Saturday, July 3, 2010

Phoenix Rising Homeless Project - Beginning Stages

7/3/2010 Two weeks ago, I mounted "Rain Dance!!!" on the roof of Covenant House, the first dance piece to be created entirely with the staff and clients of a homeless shelter...almost. We ended up including recorded music by Laurie Anderson, Zbigniew Preisner and the Temptations in the end.

I obtained about $3,500 worth of musical instruments for them, and have started collecting musicians for a music program, and I am now carrying this concept into other shelters. Wouldn't it be an incredibly healing event to have these amazing drum circles of homeless shelters coming together and supporting each other? Drums have a power. Hand drums send an energy through the body, and there's something about the rhythmical, repeated striking and the reverberance in the body that cuts through depression and anxiety, with room for meditation. Sometimes, all one can do is sit there and hit something. It's a basic developmental human movement; all infants hit things. For some people whose brains are swimming in medication, it clears them.

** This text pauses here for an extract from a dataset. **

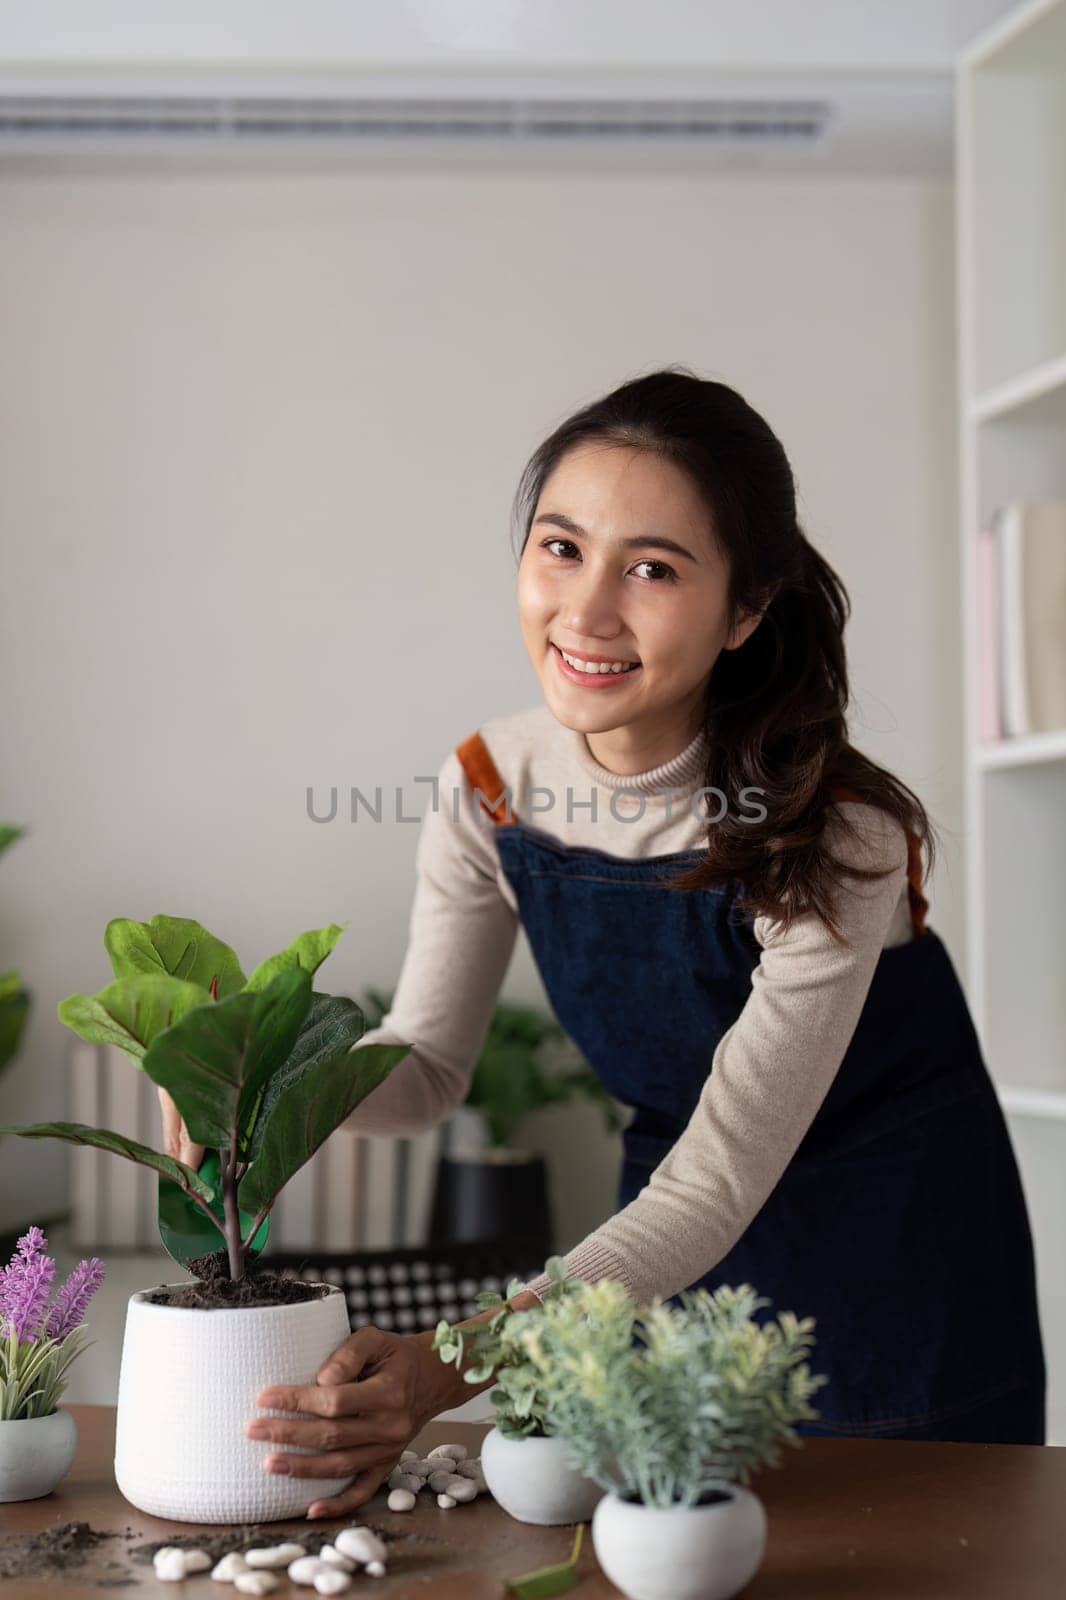 The concept of eco friendly housing, plant care and gardening. Preparing garden. Relax home gardening. Gardener woman asian hand planting flower in pot. Smiling woman takes care of plant by nateemee

Although I deeply believe in the profound effect of Somatic Movement Therapy, and use that in our work, I'm not doing any sort of "Dance Therapy", or "Drama Therapy" or "Music Therapy", and I am shying away from obtaining a Master's degree in any of that, or in psychology (though it might be wise...I don't know). My approach really is based in Laban Movement Analysis and the effect that certain elements of Body, Effort, Shape and Space are utilized and enliven the individual with Dance, Theatre, and Music.

It's odd. I really don't want to be a Dance Therapist. I think it's because there's something in me that thinks that a phenominally therapeutic element of this work is the releasing of creativity and owning expressivity, and that these things are put on the back burner when performance art forms are turned into therapy; the exploration of specific psychological elements for certain psychological results stifles something in the process for me. My Movement Therapy background enables me to see things I wouldn't normally see in certain results, guide the journey of the project for them from a perspective of wondering what will happen next, and a very broad mind as to where to take them.

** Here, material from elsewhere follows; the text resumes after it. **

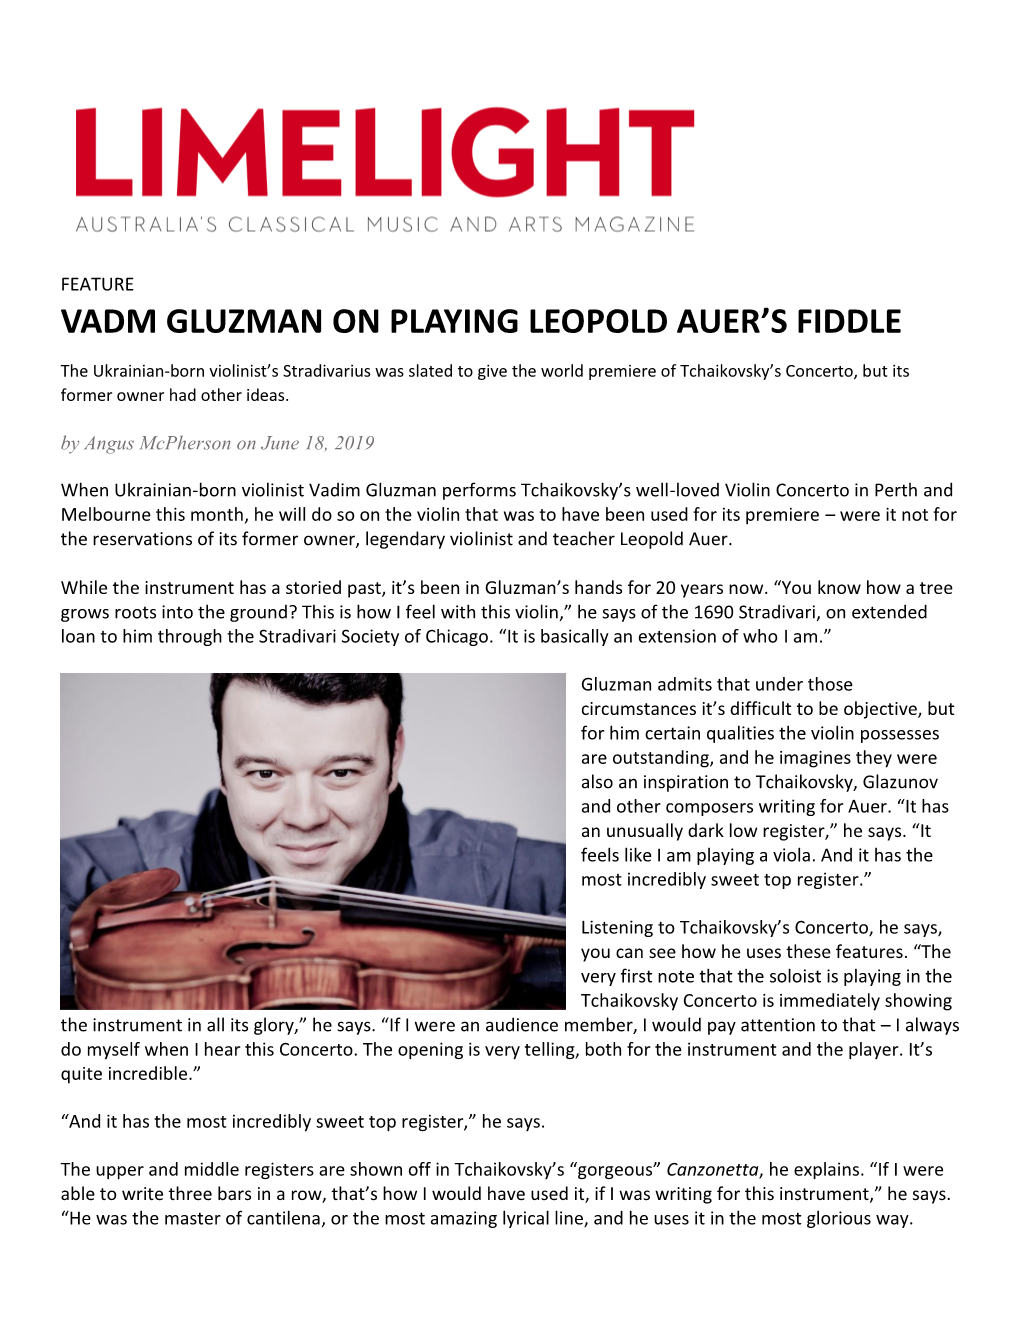 Vadm Gluzman on Playing Leopold Auer's Fiddle

I am not condoning denial, or saying that therapy doesn't have a place, but sometimes it seems that the best way to help someone isn't to swim around in their demons all day. Therapy is wonderful, but it's also good to get away from it. Sometimes things are just good because they are what they are. I am not a fan of requiring clients to perform gestures that intentionally trigger memories, until much later in the work. It's good to bring new movement experiences to them that redefines their bodies.

But what was most important in "Rain Dance!!!" was my improvisational ability, and my ability to adapt very quickly when all sorts of things happen in the shelter that were beyond anyone's control. Interestingly, my adaptability also had an incredibly healing impact on the shelter, as I wasn't freaked out when they were in lockdown and we couldn't rehearse the night before the show, or when clients disappeared, or when the staff forgot about the show entirely and had to be re-reminded, because they work so hard. I just went with it, and made a yummy stew of a dance piece.

I was happily provided with costumes by the San Francisco Shakespeare Festival, and the clients couldn't stop wearing them. They took turns trying them on, not caring about whether it was meant for a man or a woman, and paraded around in them hours after the dance piece ended.

This is also something I am doing as part of my preparation of climbing back into the somatics community, and the Integrated Movement Studies program as I prepare my thesis and presentation. It's been almost five years. I've know amazing scholars who took ten years to finish their dissertation, so I'm not worried.